Can Large Language Model Agents Simulate Human Trust Behavior?

We propose a definition of LLM agents' trust behavior under Trust Games and a new concept of behavioral alignment as the human-LLM analogy regarding behavioral factors and dynamics.

We discover that LLM agents generally exhibit trust behavior in Trust Games and GPT-4 agents manifest high behavioral alignment with humans in terms of trust behavior, indicating the great potential to simulate human trust behavior with LLM agents. Our findings pave the way for simulating complex human interactions and social institutions, and open new directions for understanding the fundamental analogy between LLMs and humans beyond value alignment.

We investigate intrinsic properties of agent trust under manipulations and reasoning strategies, as well as biases of agent trust and differences in agent trust towards agents versus humans.

We illustrate broader implications of our discoveries about agent trust and its behavioral alignment with human trust for human simulation in social science and role-playing applications, LLM agent cooperation, human-agent collaboration and the safety of LLM agents, detailed further in Section Implications.

Do LLM Agents Manifest Trust Behavior?

In our study, the trust game serves as a framework to validate the presence of trust behavior in Large Language Model (LLM) agents. By examining the amounts sent and the Belief-Desire-Intention (BDI) interpretation for different LLMs within the context of the trust game, we aim to ascertain the existence of trust behavior in LLM agents.

**Fig 2: Amount Sent Distribution of LLM Agents and Humans as the Trustor in the Trust Game.** The size of circles represents the number of personas for each amount sent. The bold lines show the medians. The **crosses** indicate the **VRR** (%) for different LLMs.

To evaluate LLMs' capacity to understand the basic experimental setting regarding money limits, we propose a new evaluation metric, Valid Response Rate (VRR) (%), defined as the percentage of personas with the amount sent falling within the initial money ($10). Results are shown in Figure 2. We can observe that most LLMs have a high VRR except Llama-7b, which implies that most LLMs manifest a full understanding regarding limits on the amount they can send in the Trust Game. Then, we observe the distribution of amounts sent for different LLMs as the trustor agent and discover that the amounts sent are predominantly positive, indicating a level of trust.
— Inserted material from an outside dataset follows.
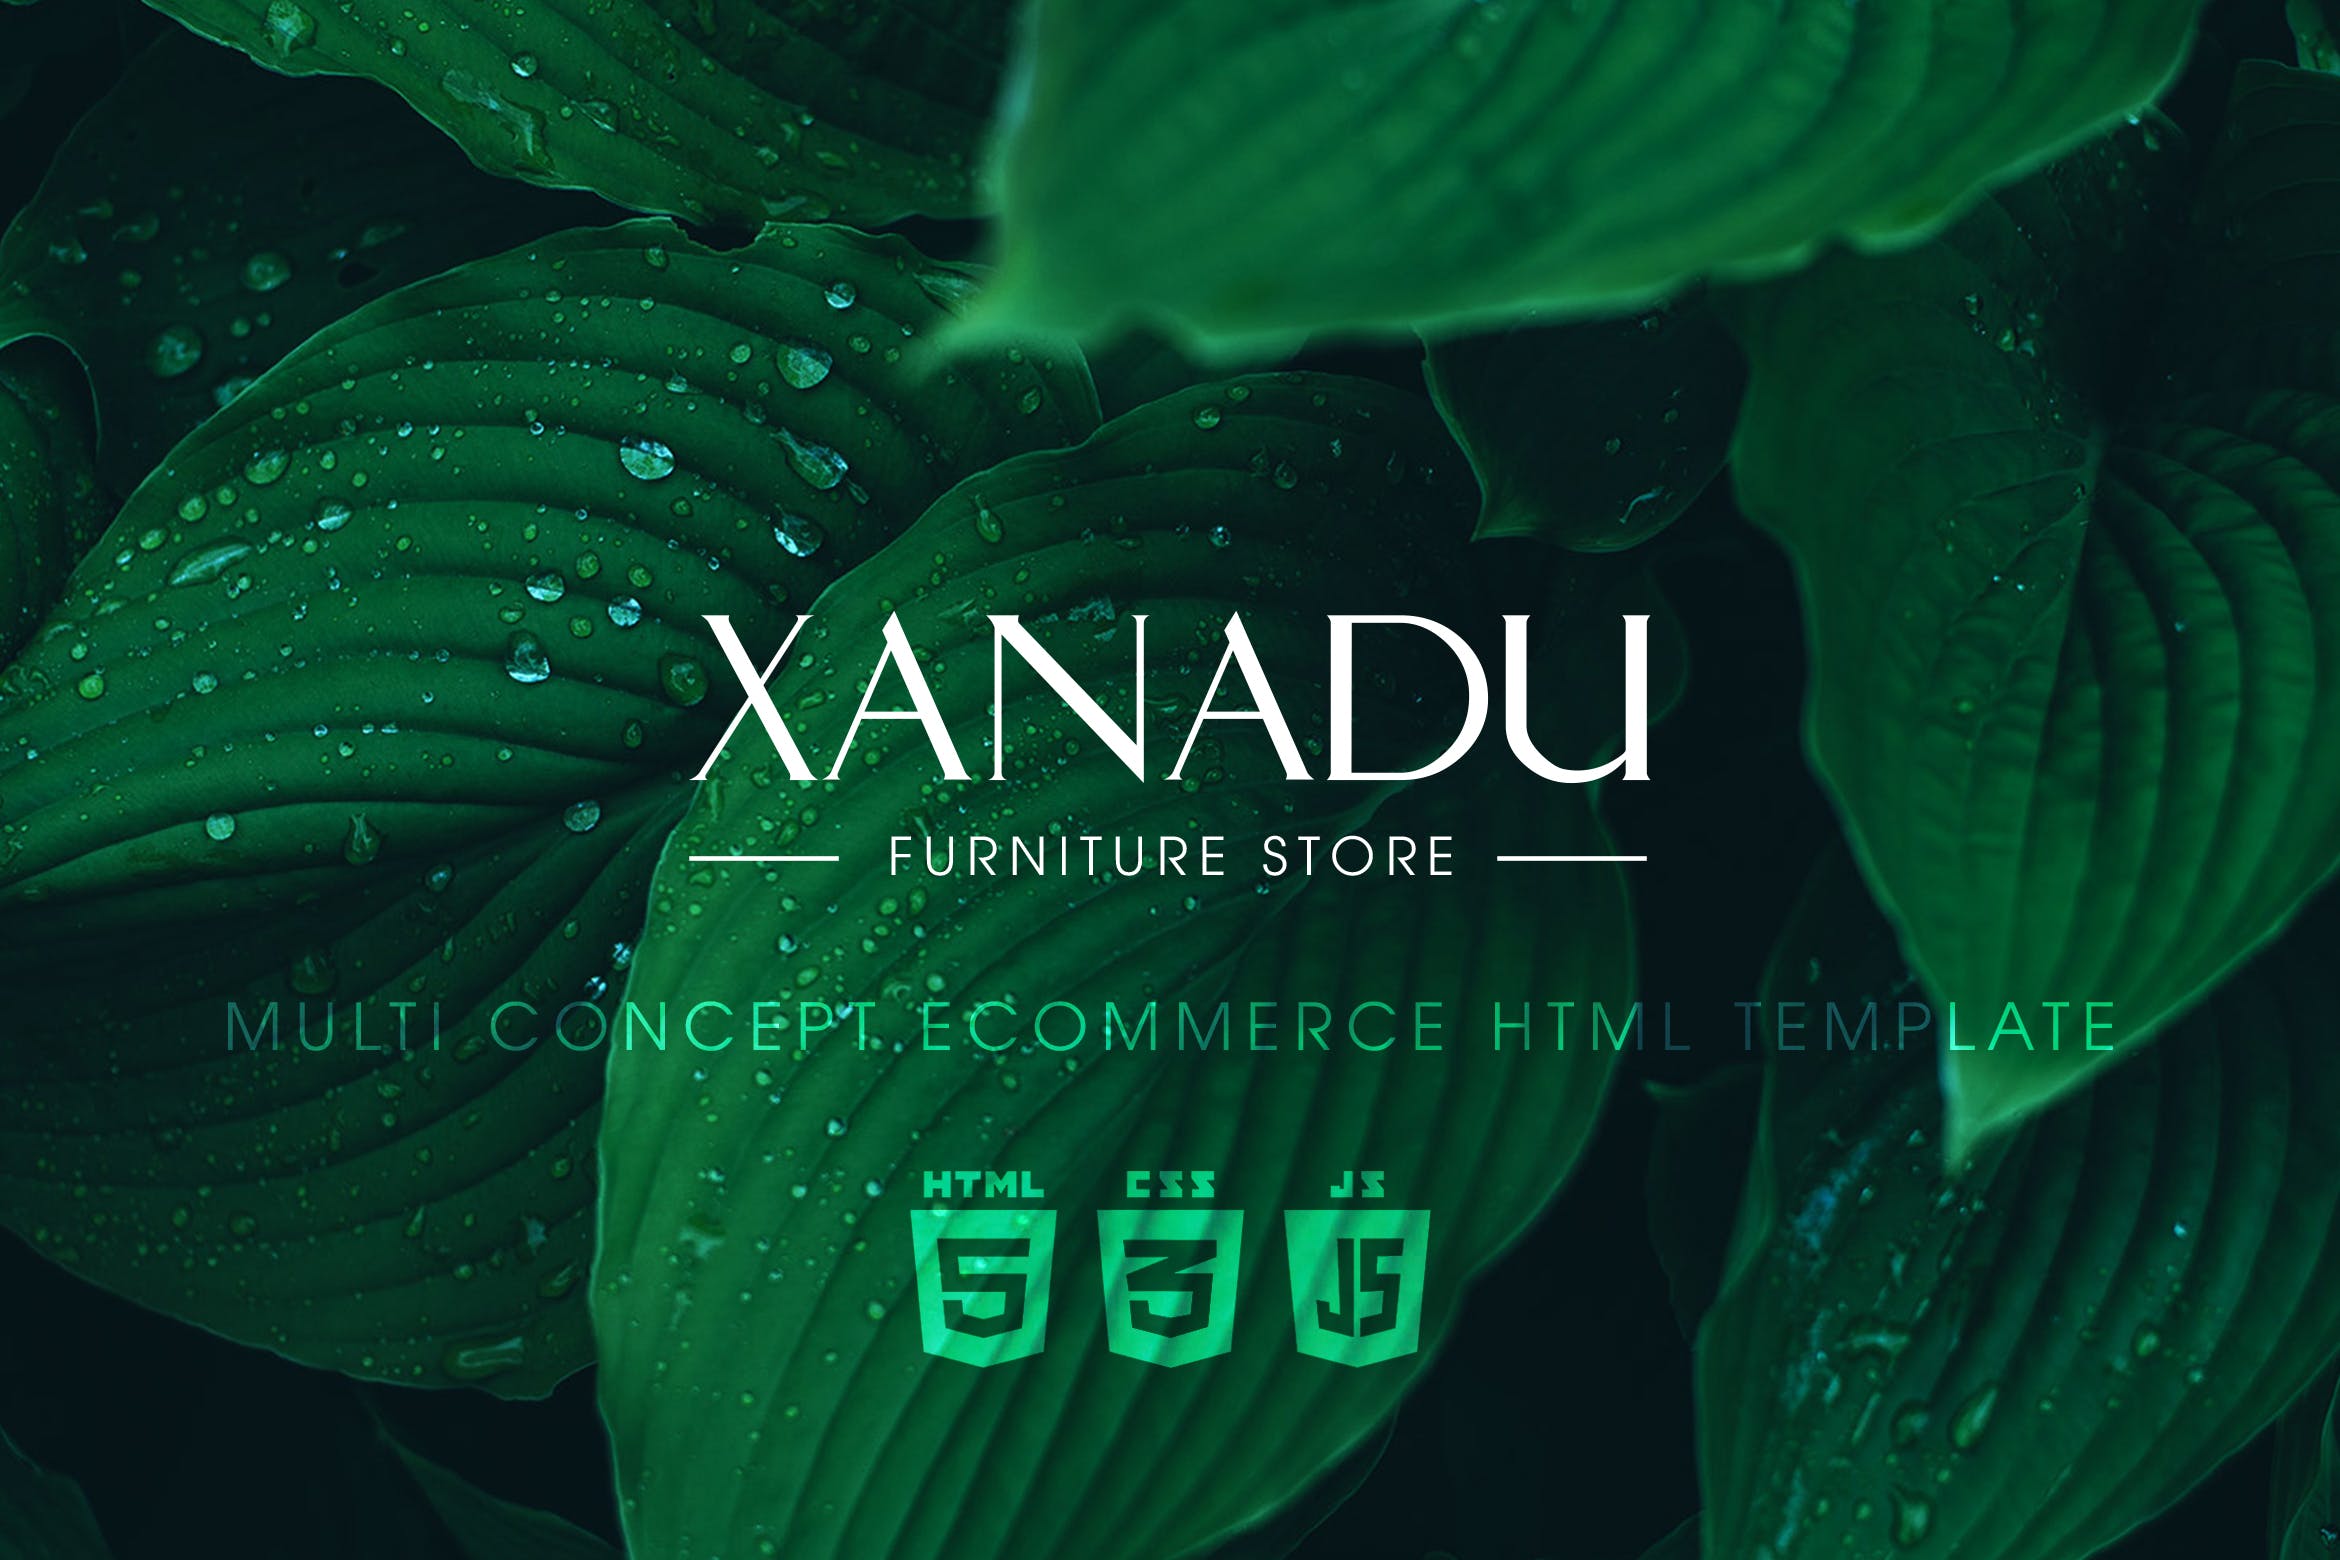 现代家具网上商城HTML模板素材库精选下载 Xanadu | Multi Concept eCommerce HTML Template插图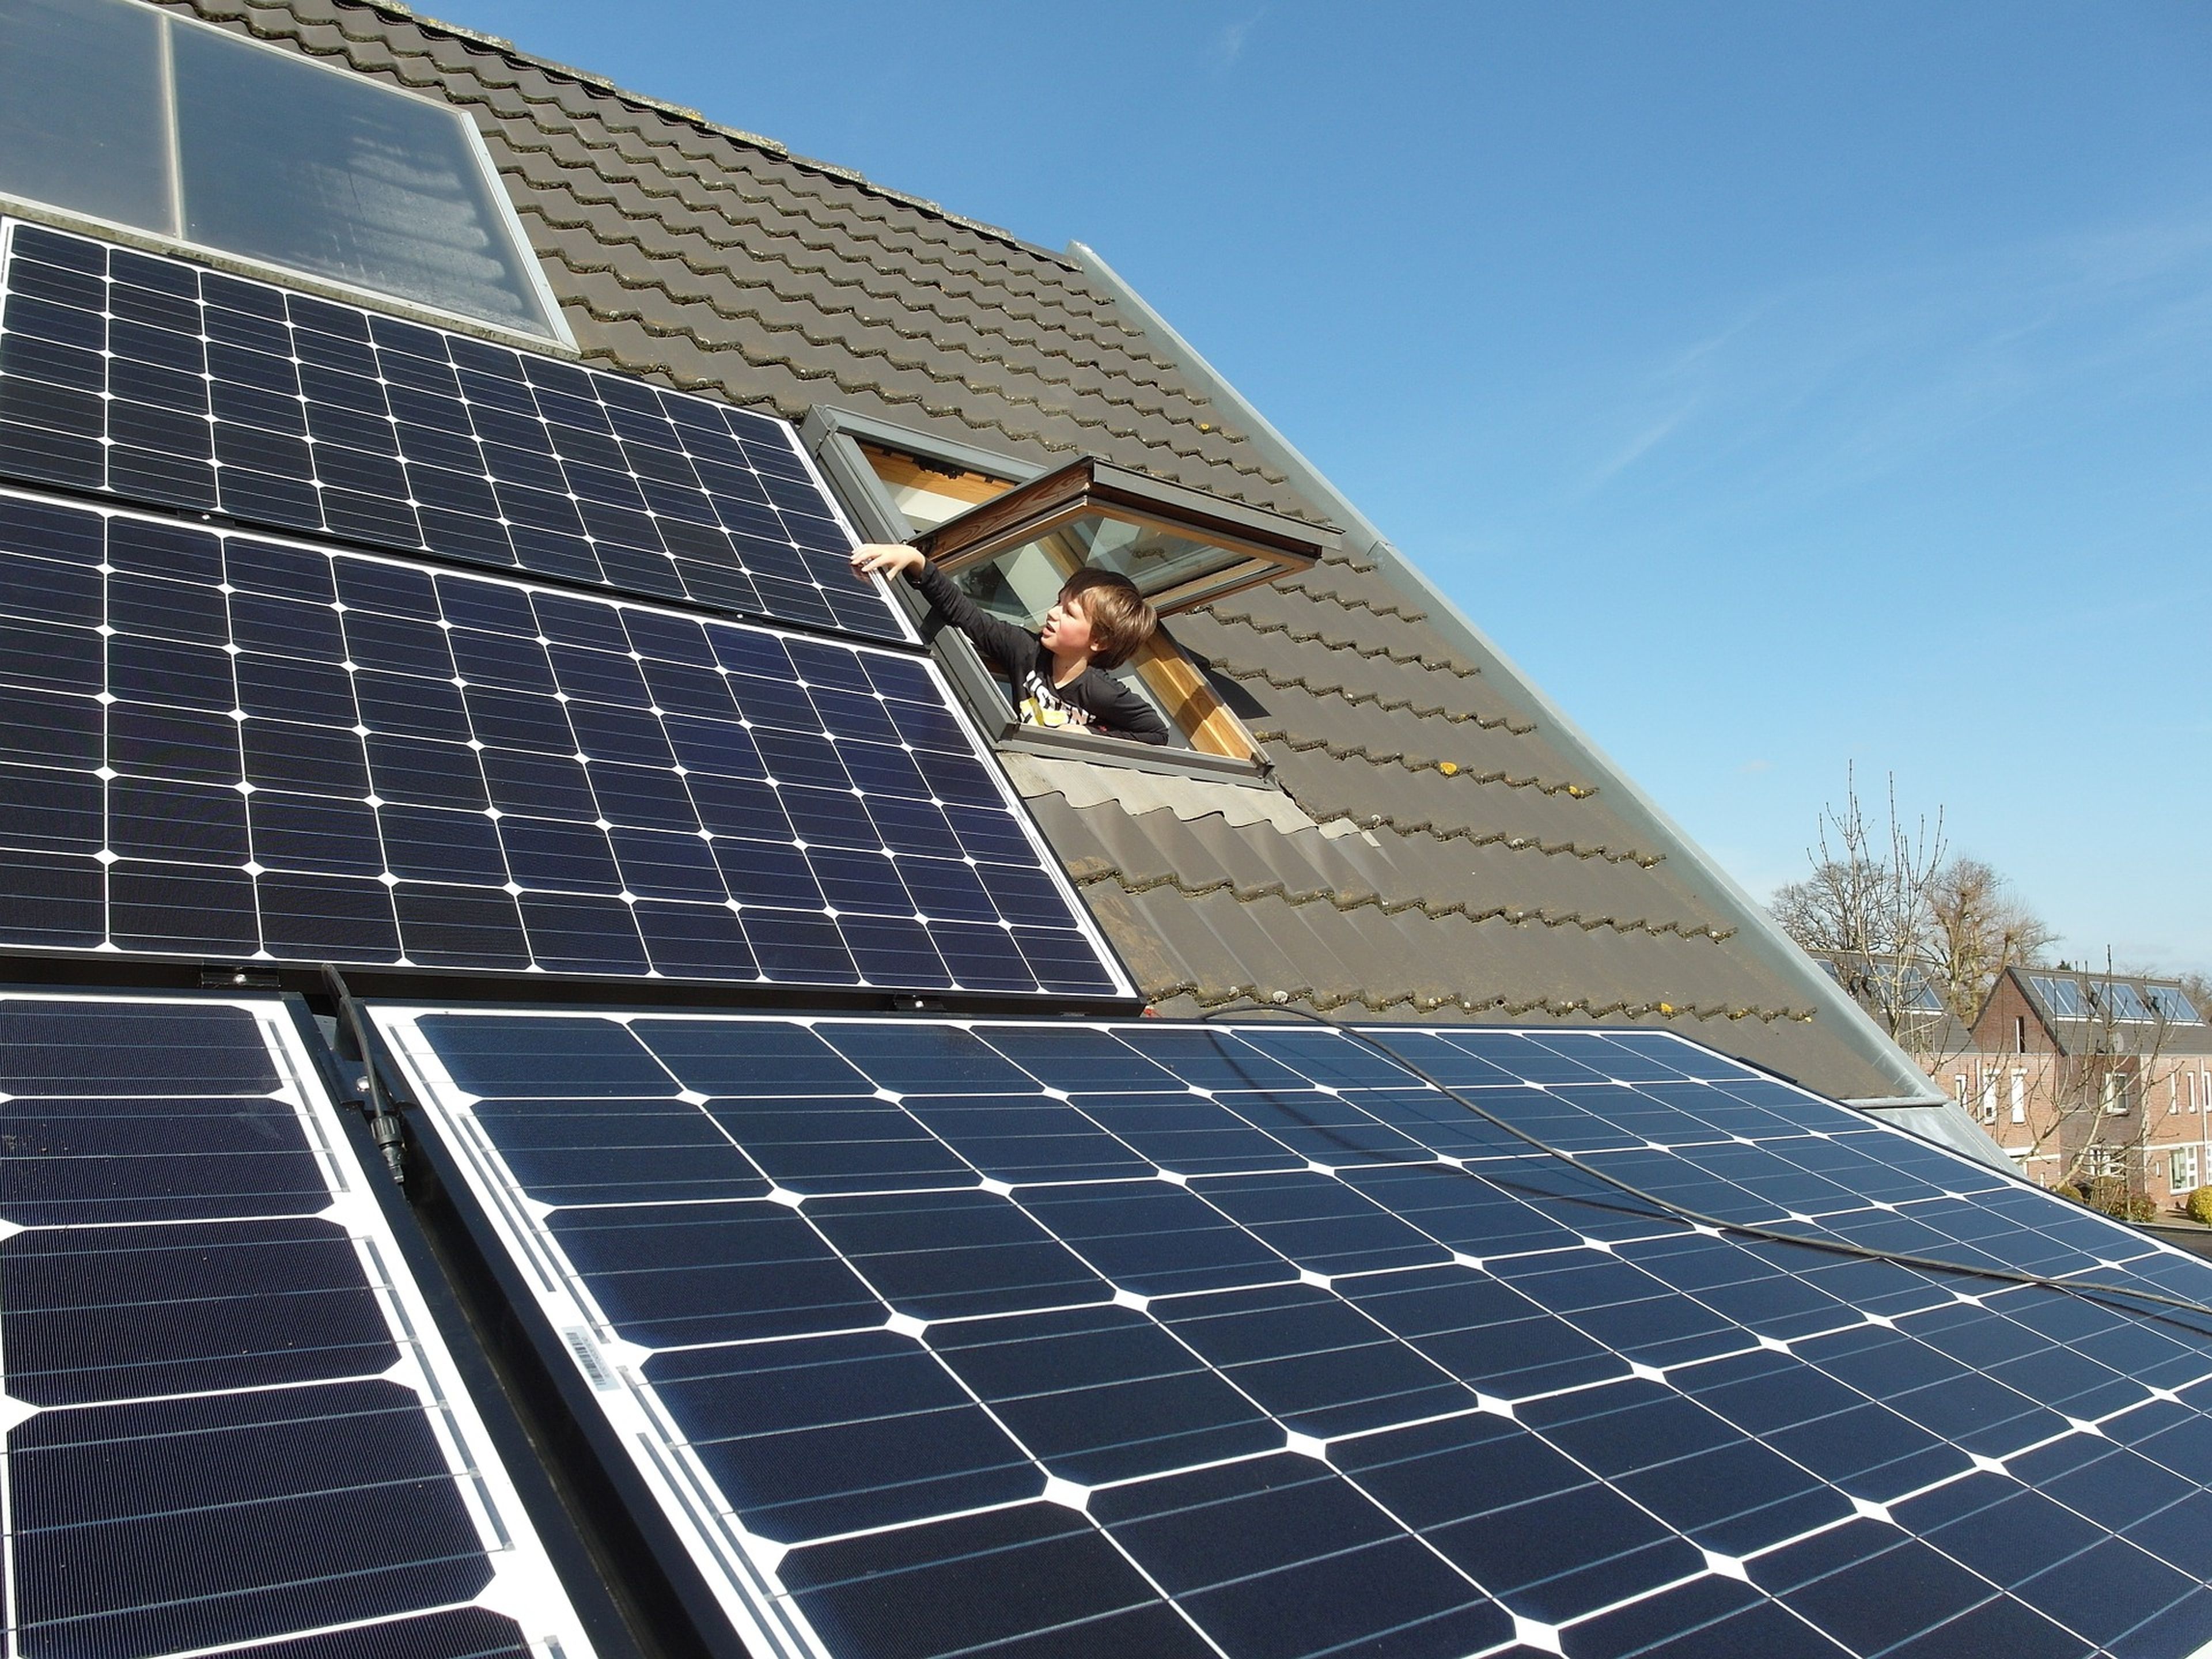 Un niño toca unas placas solares en el tejado.

Furthermore, the amounts sent by different LLMs acting as trustor agents are mostly positive, showcasing a level of trust. Additionally, we explored utilizing BDI to model the reasoning process of LLM agents. Since we can interpret the decisions from the reasoning process, we have evidence to show that LLM agents do not send a random amount of money and have some degree of rationality in the decision making process.

Given these observations, we highlight our first core finding:

LLM agents generally exhibit trust behavior under the framework of the Trust Game.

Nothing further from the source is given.